— Work to complete —
The full listing, copied exactly and free of pictures, is the expected reply.

— Data block —

┌────────

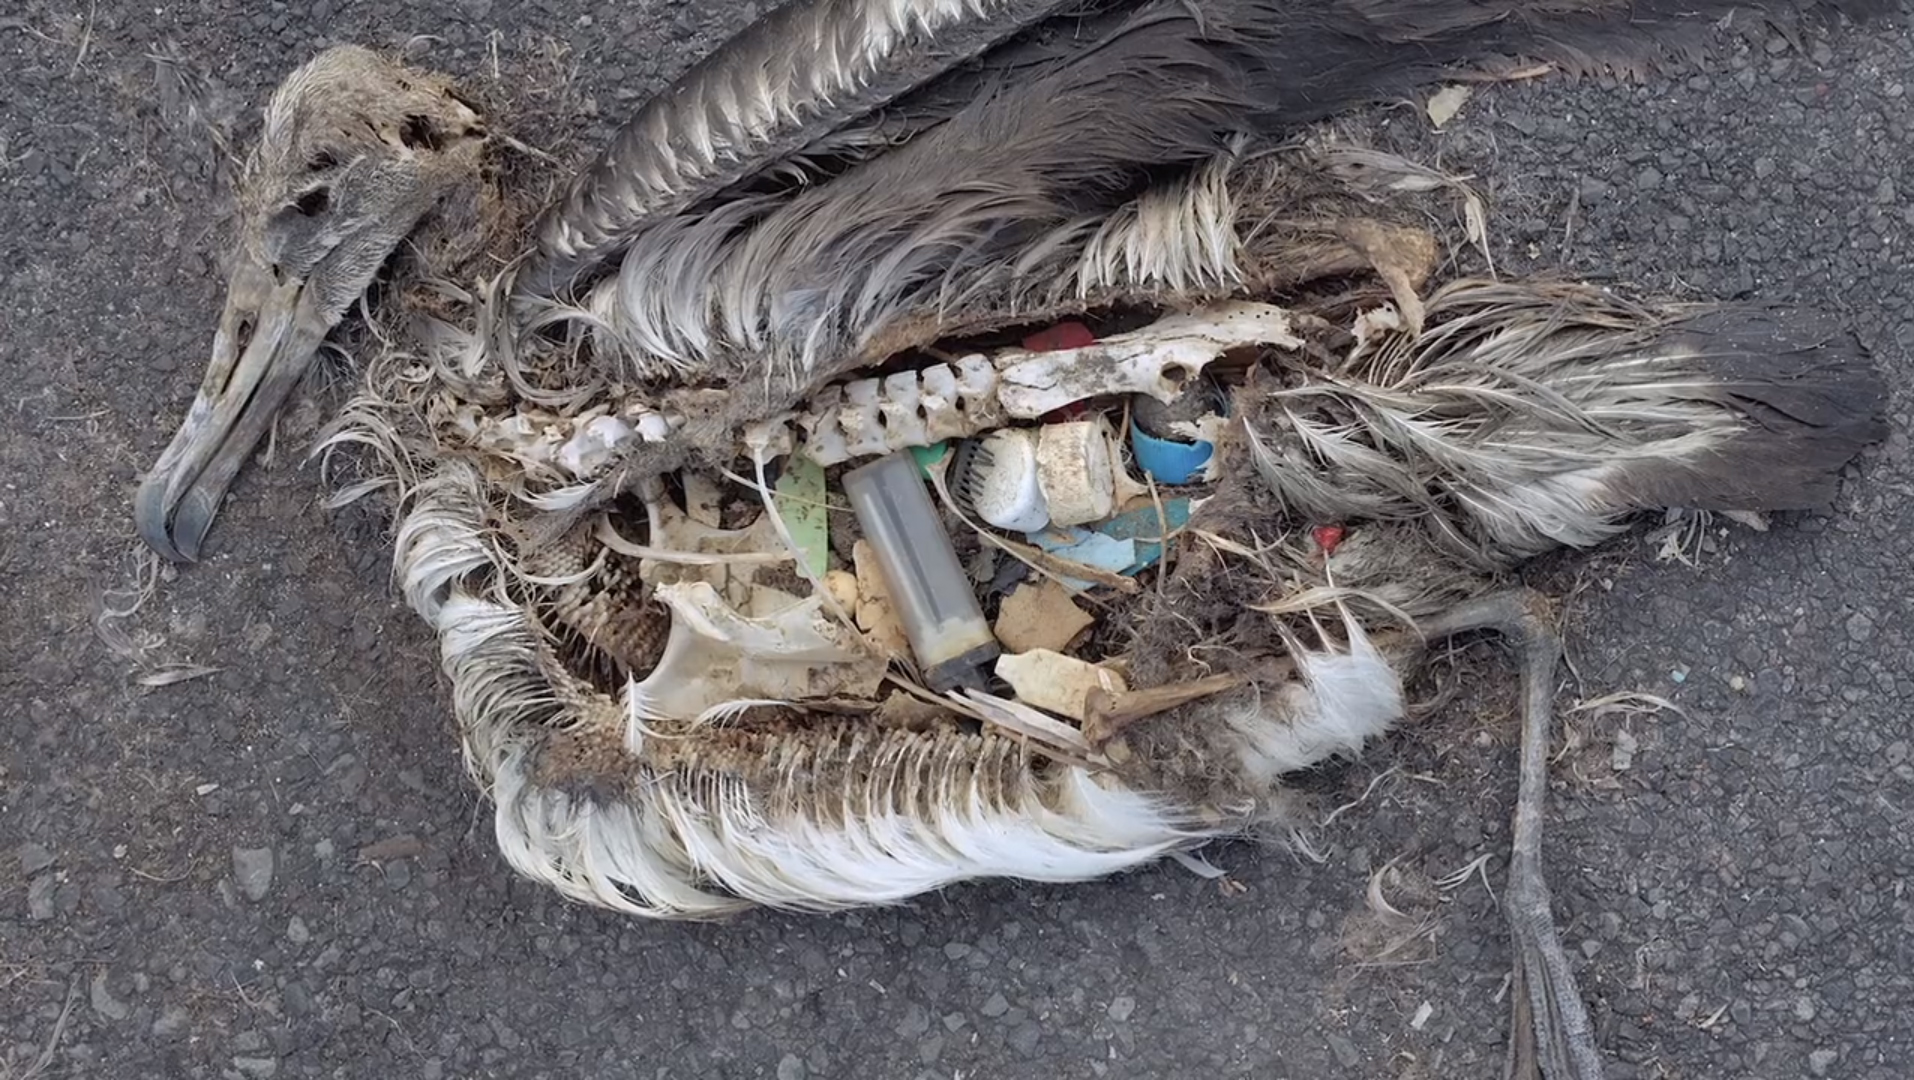 Ezek a műanyagtárgyak pusztítják el a legtöbb delfint, bálnát, teknőst és tengeri madarat
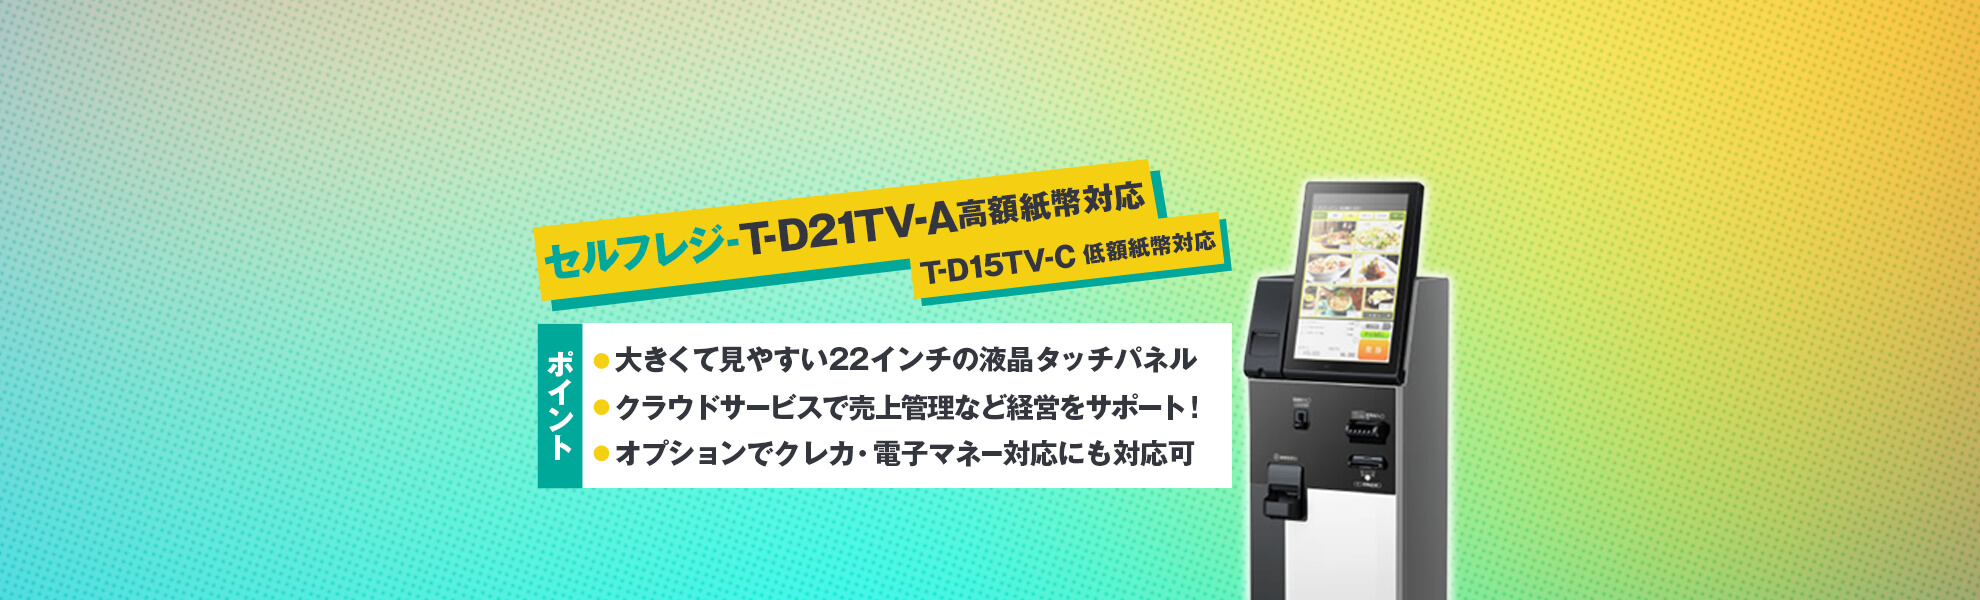 セルフレジタイプ T-D21TV-A
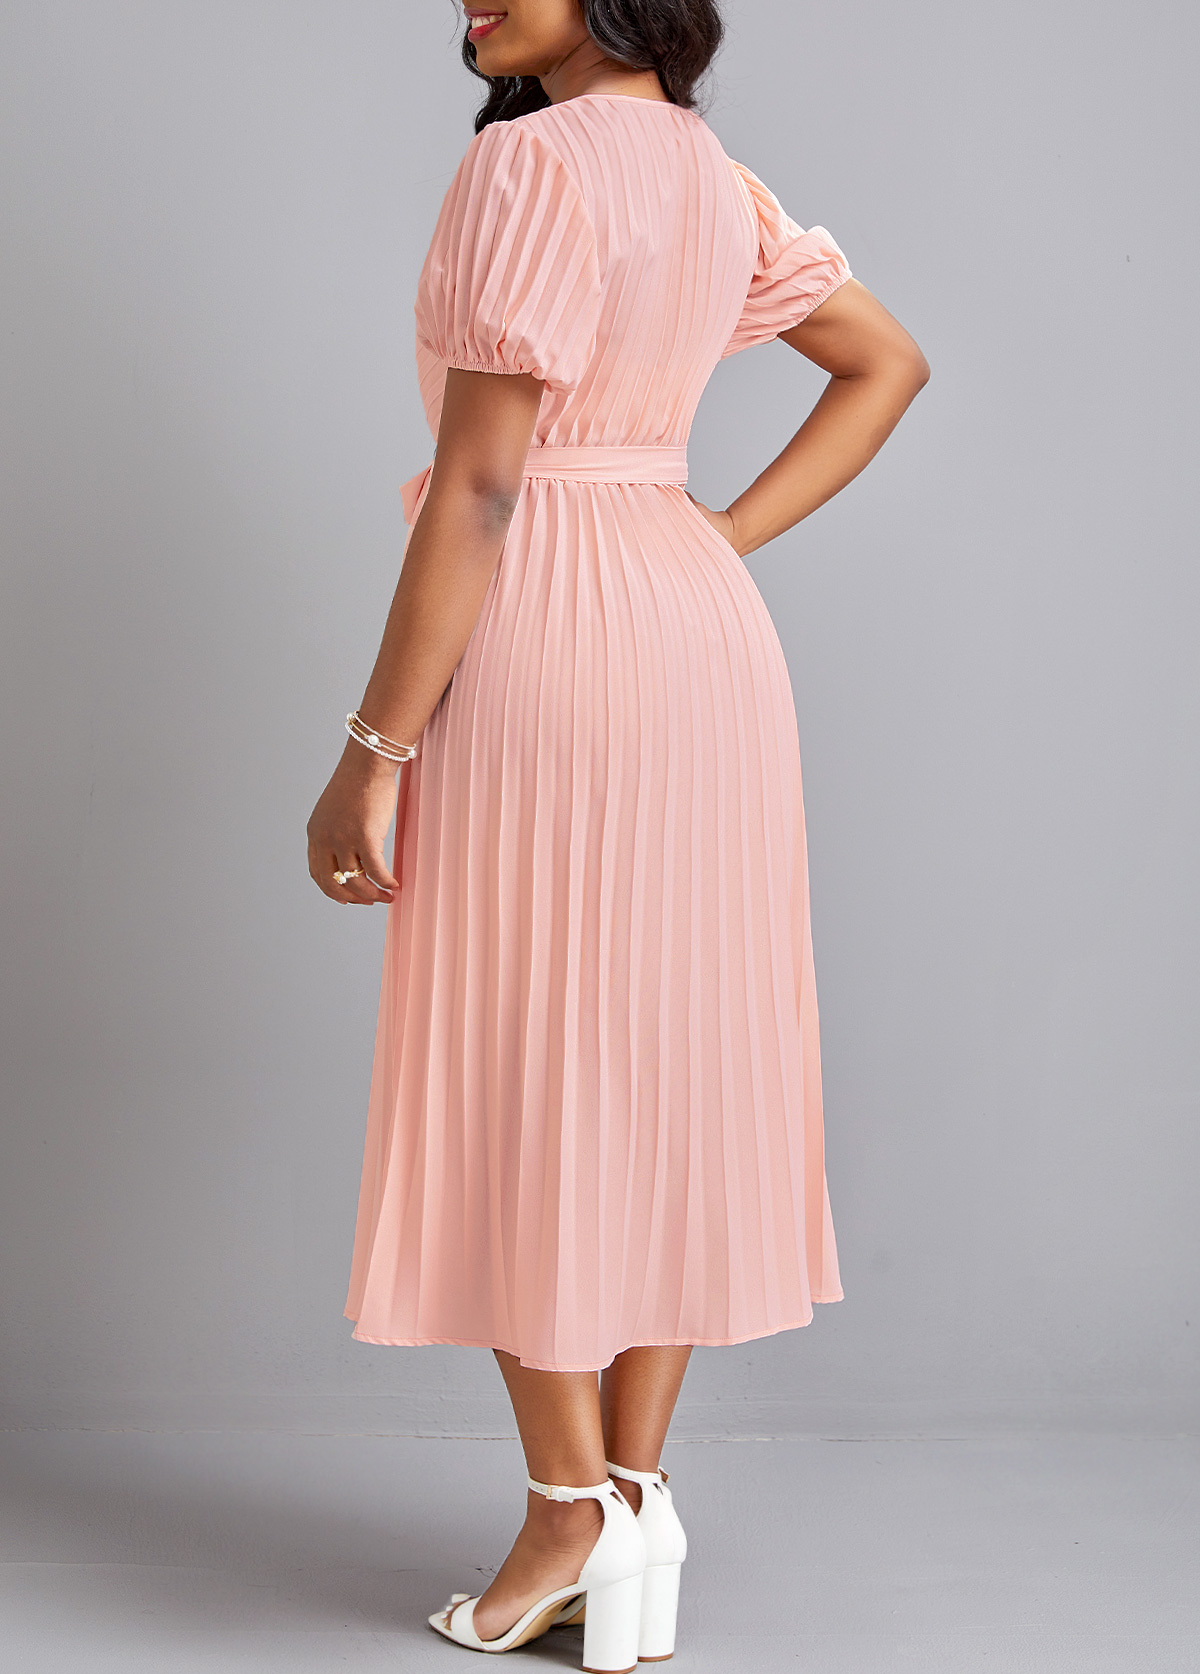 Pleated Belted Light Pink V Neck Dress

└────────

— Output for this exercise —
 Ezek a műanyagtárgyak pusztítják el a legtöbb delfint, bálnát, teknőst és tengeri madarat
 セルフレジタイプ T-D21TV-A
 Pleated Belted Light Pink V Neck Dress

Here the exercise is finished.